**WHAT IS EXPECTED:** Make an exact copy of the listing so that no picture is carried over.

**GIVEN MATERIAL:**

--

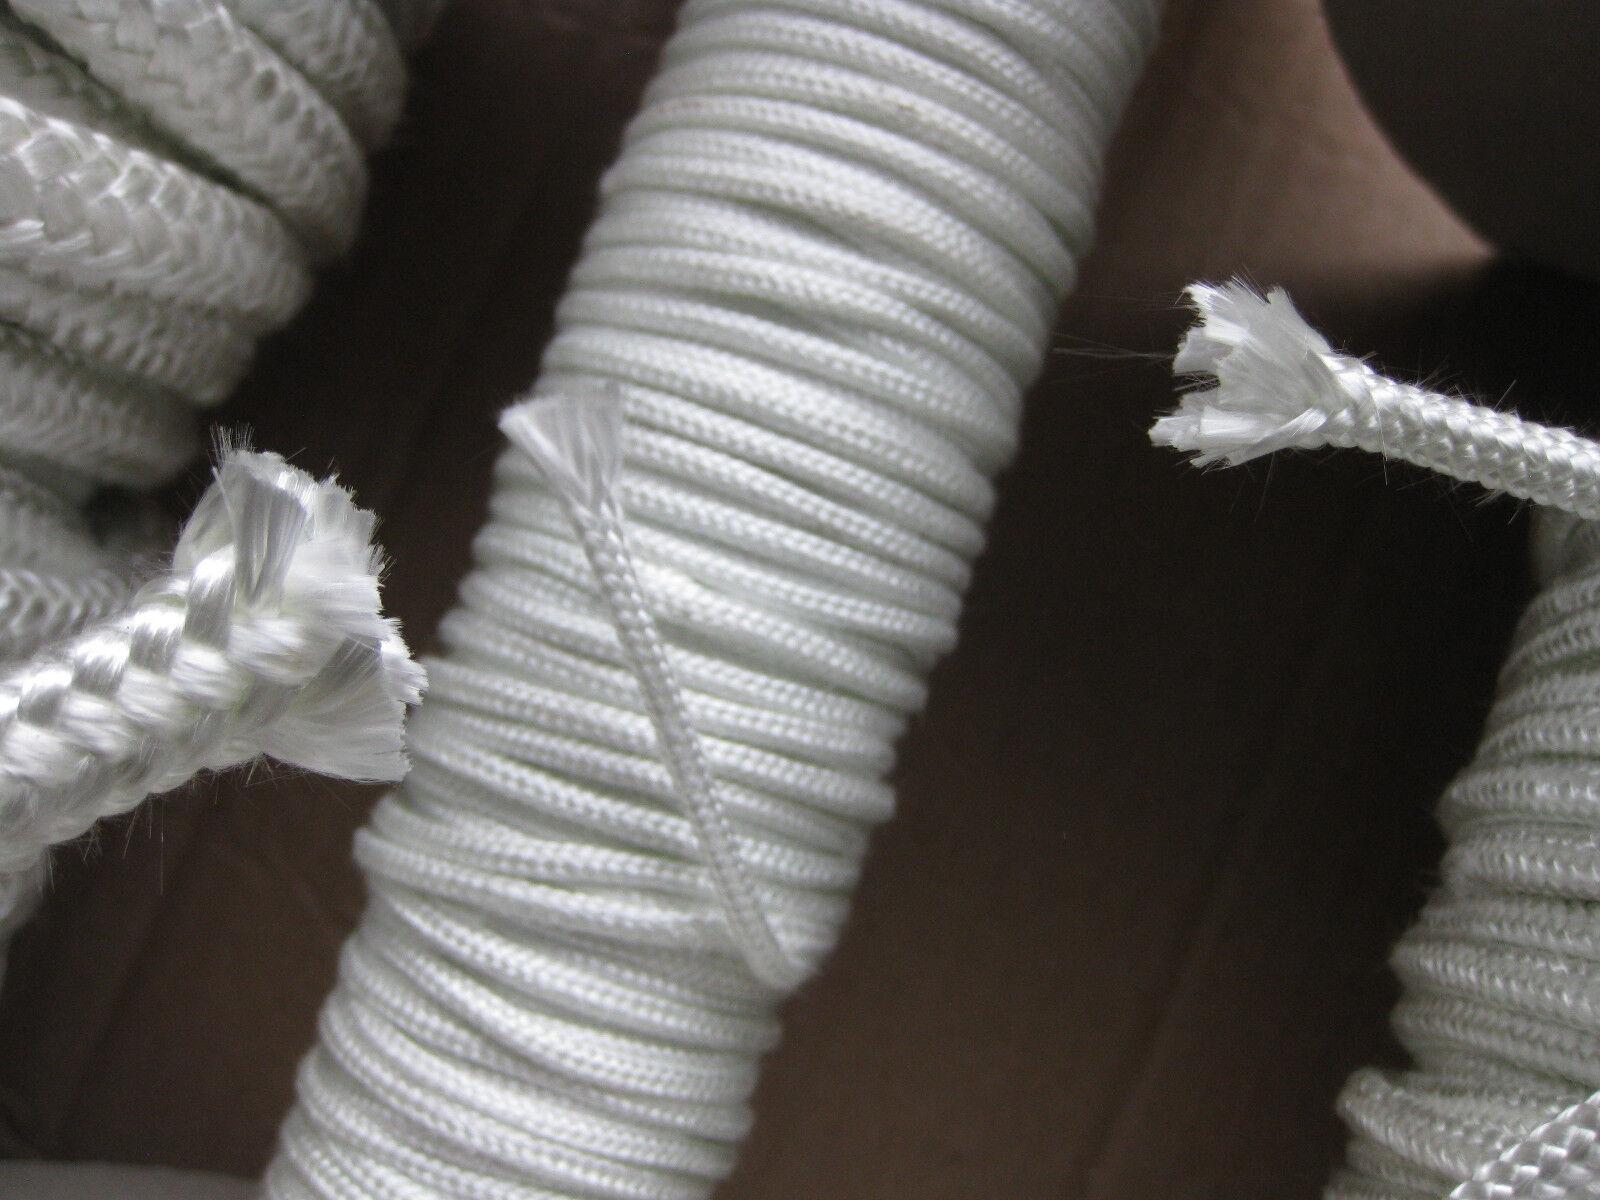 100% Glasfaser Docht reine Glasseide Glaslitze Öllampe Schmelzlicht Öllampe Glaslitze Spiritus 51c492
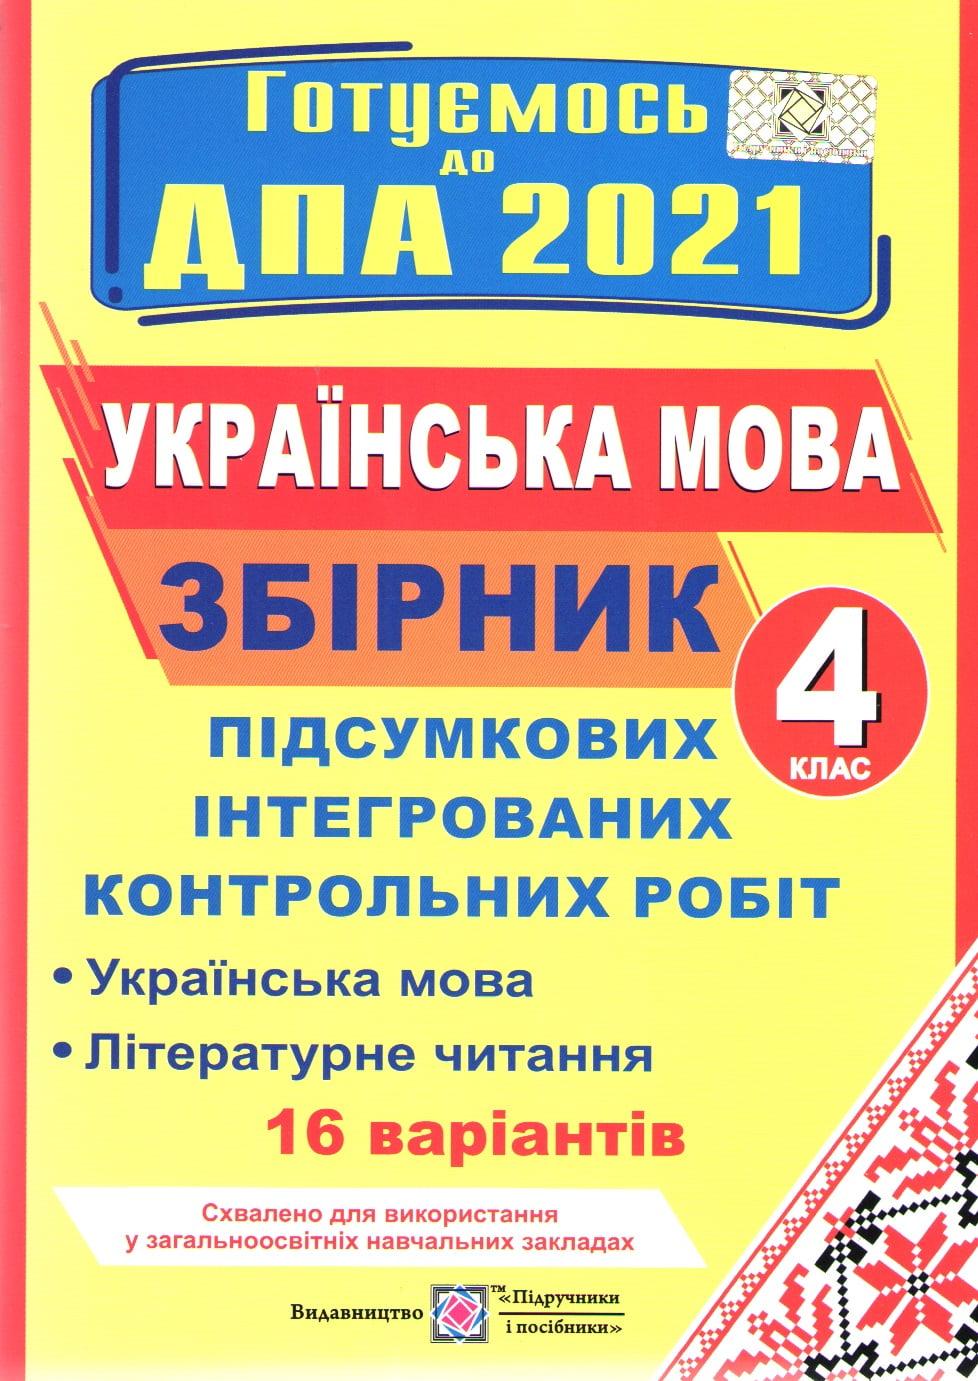 Українська мова і література Збірник підсумкових інтегрованих контрольних робіт  4 клас  16 варіантів ДПА 2021
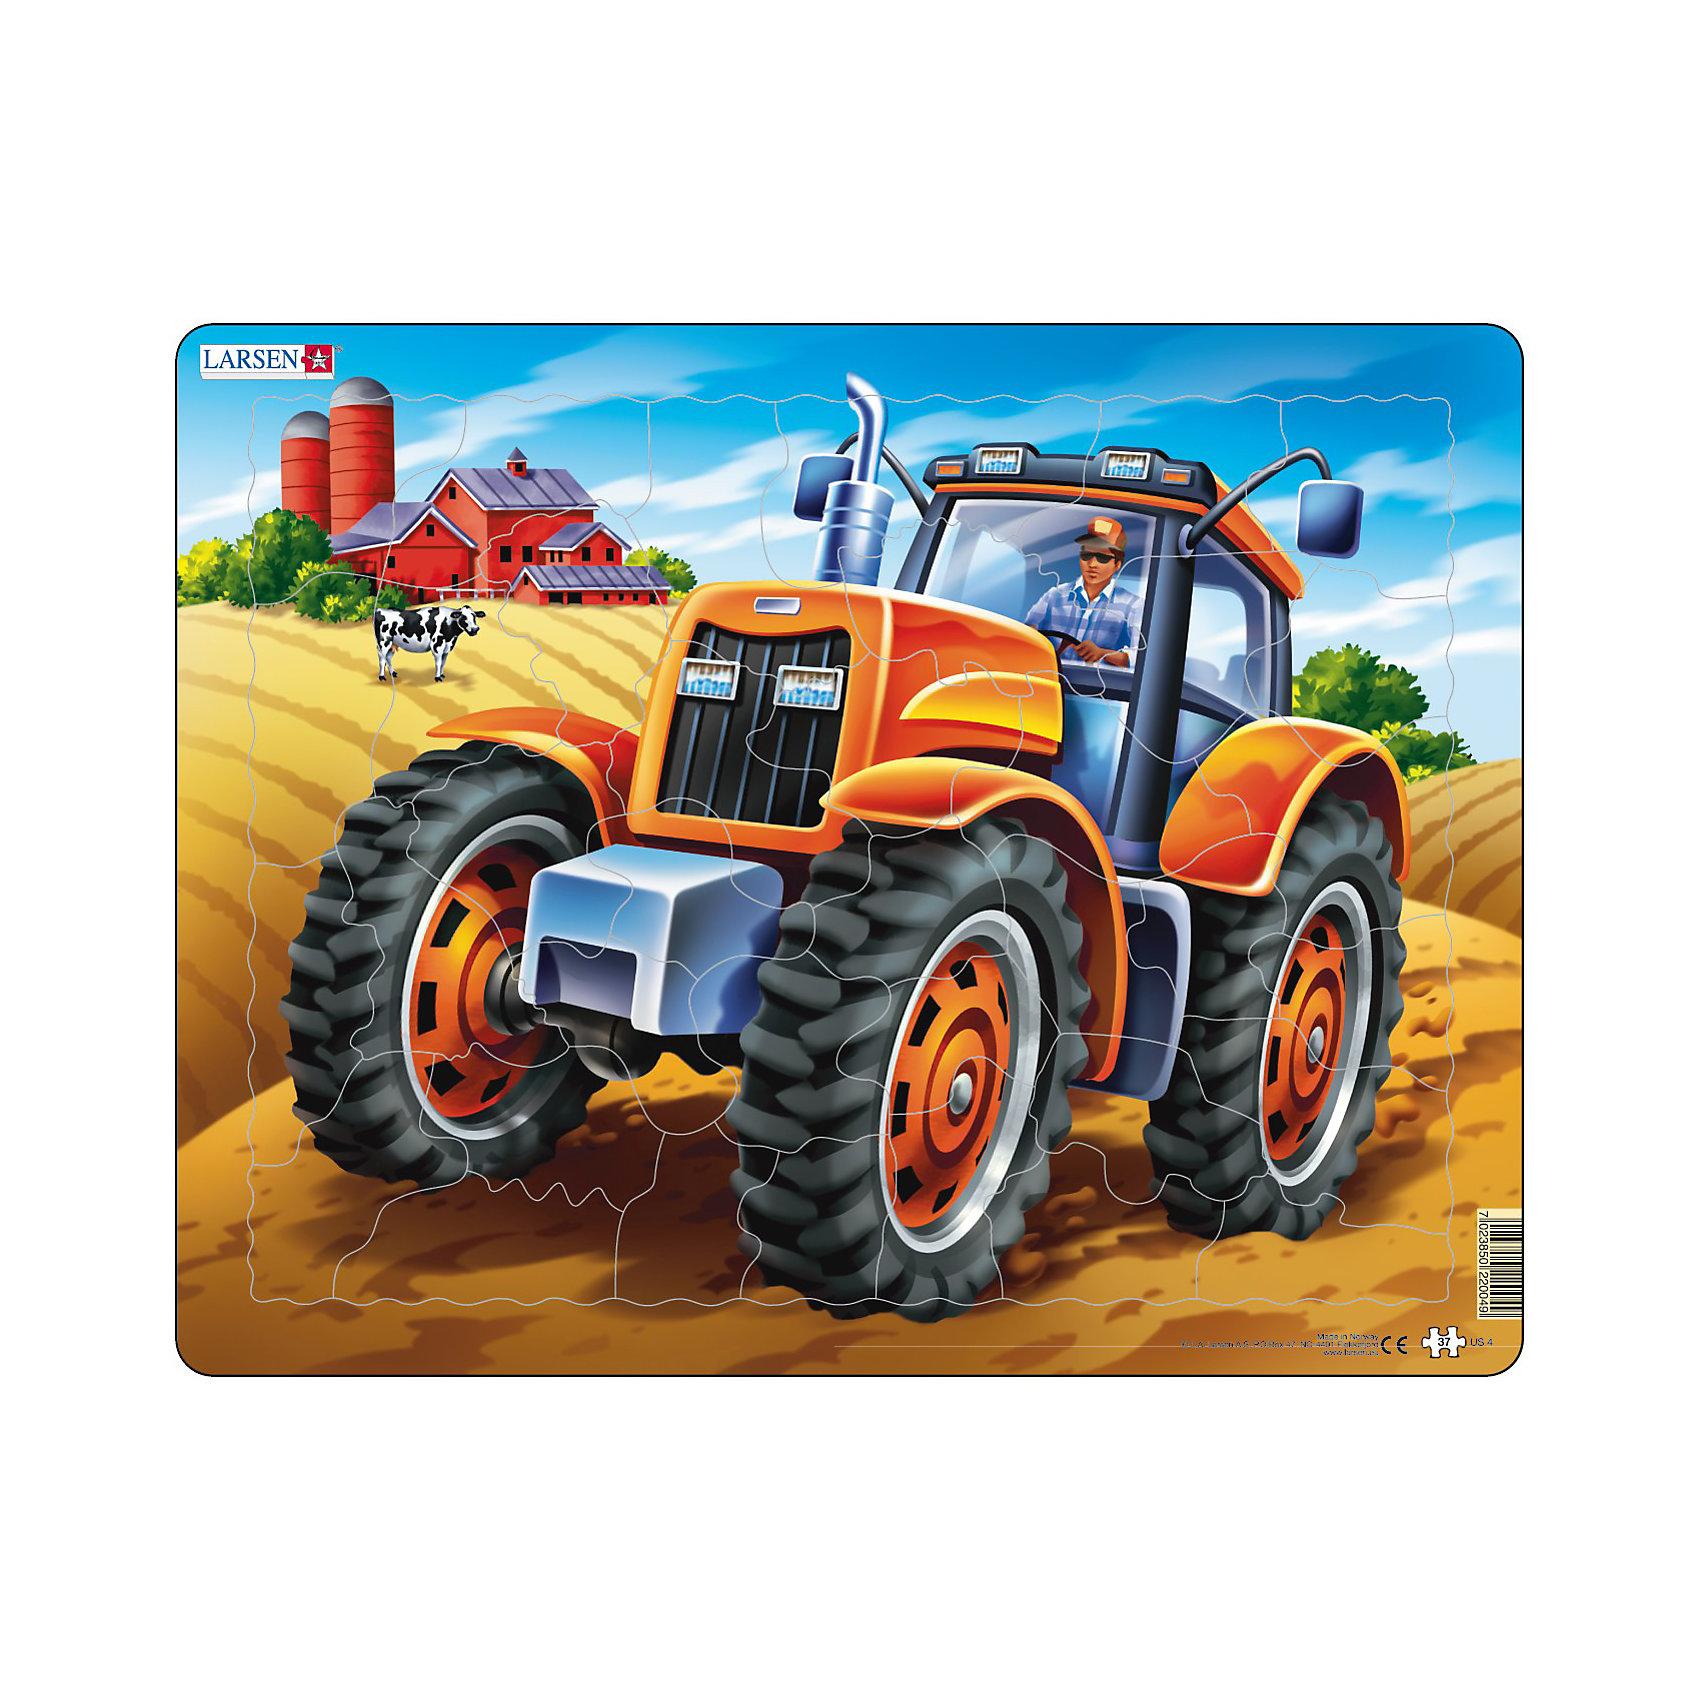 Larsen Пазл Трактор, 37 деталей, Larsen купить
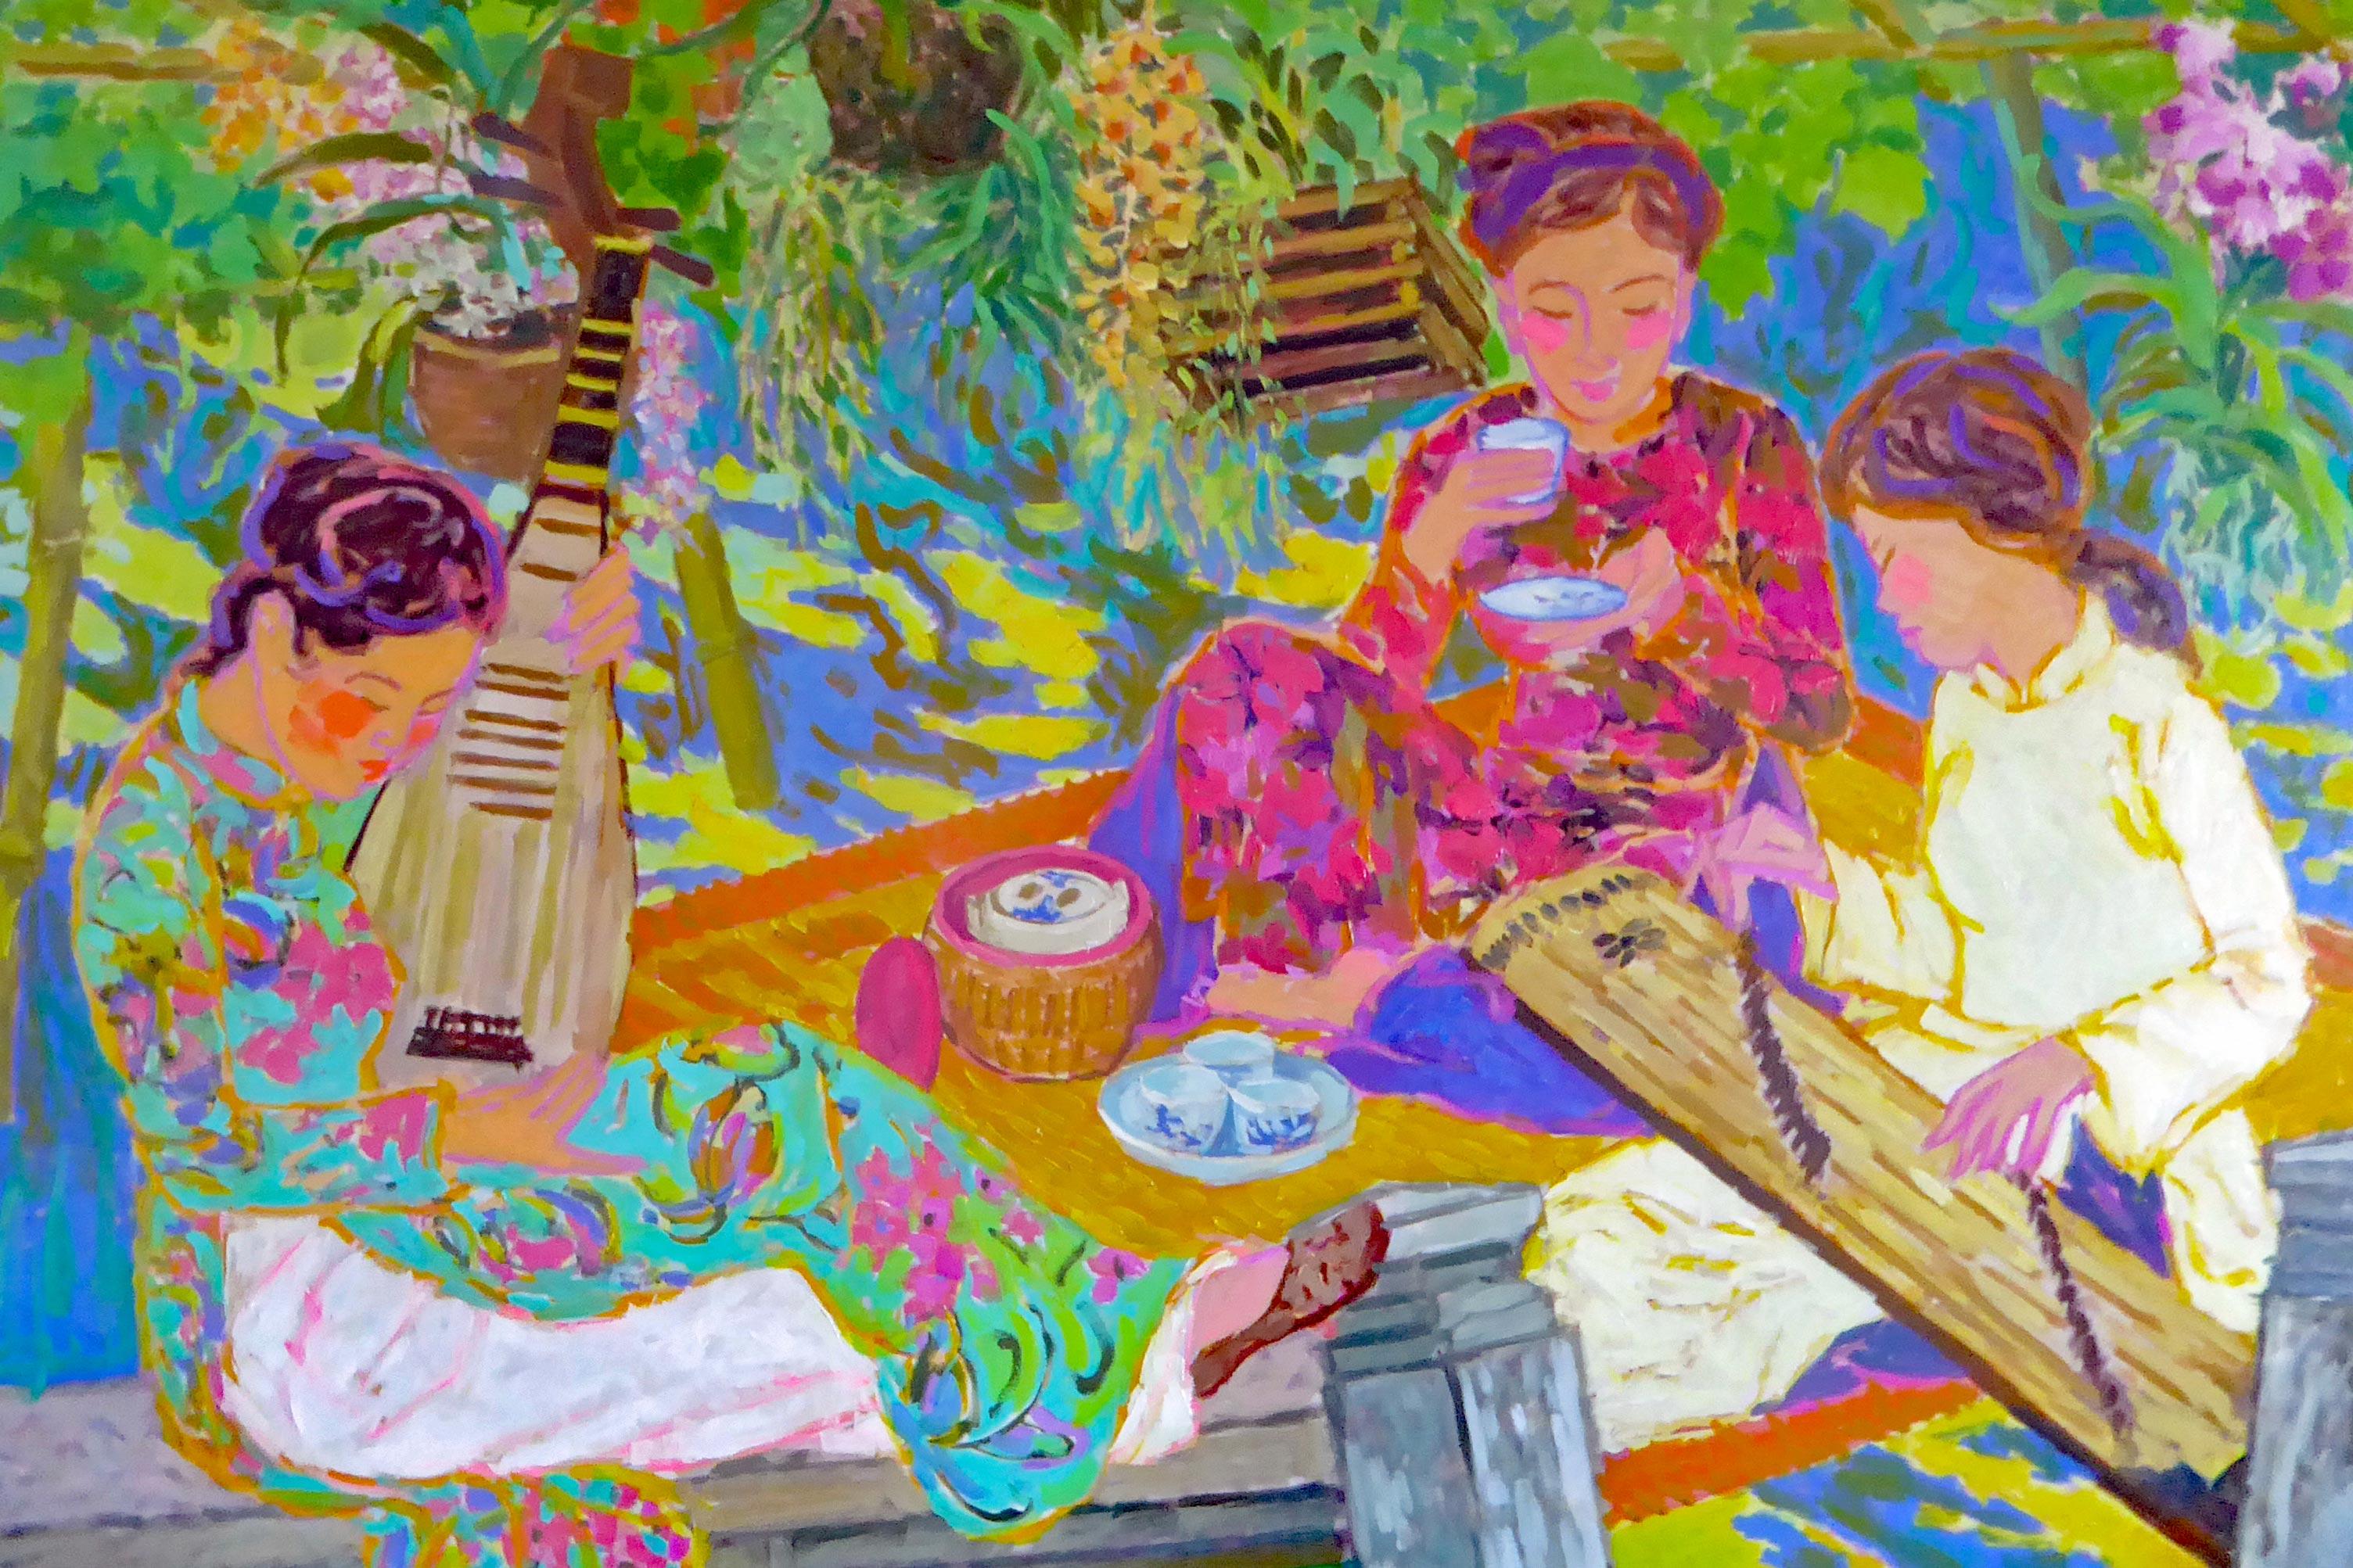 Tran Nguyen Dung

--

**SOLVED PROBLEM:**
 100% Glasfaser Docht reine Glasseide Glaslitze Öllampe Schmelzlicht Öllampe Glaslitze Spiritus 51c492
 Українська мова і література Збірник підсумкових інтегрованих контрольних робіт  4 клас  16 варіантів ДПА 2021
 Larsen Пазл Трактор, 37 деталей, Larsen купить
 Tran Nguyen Dung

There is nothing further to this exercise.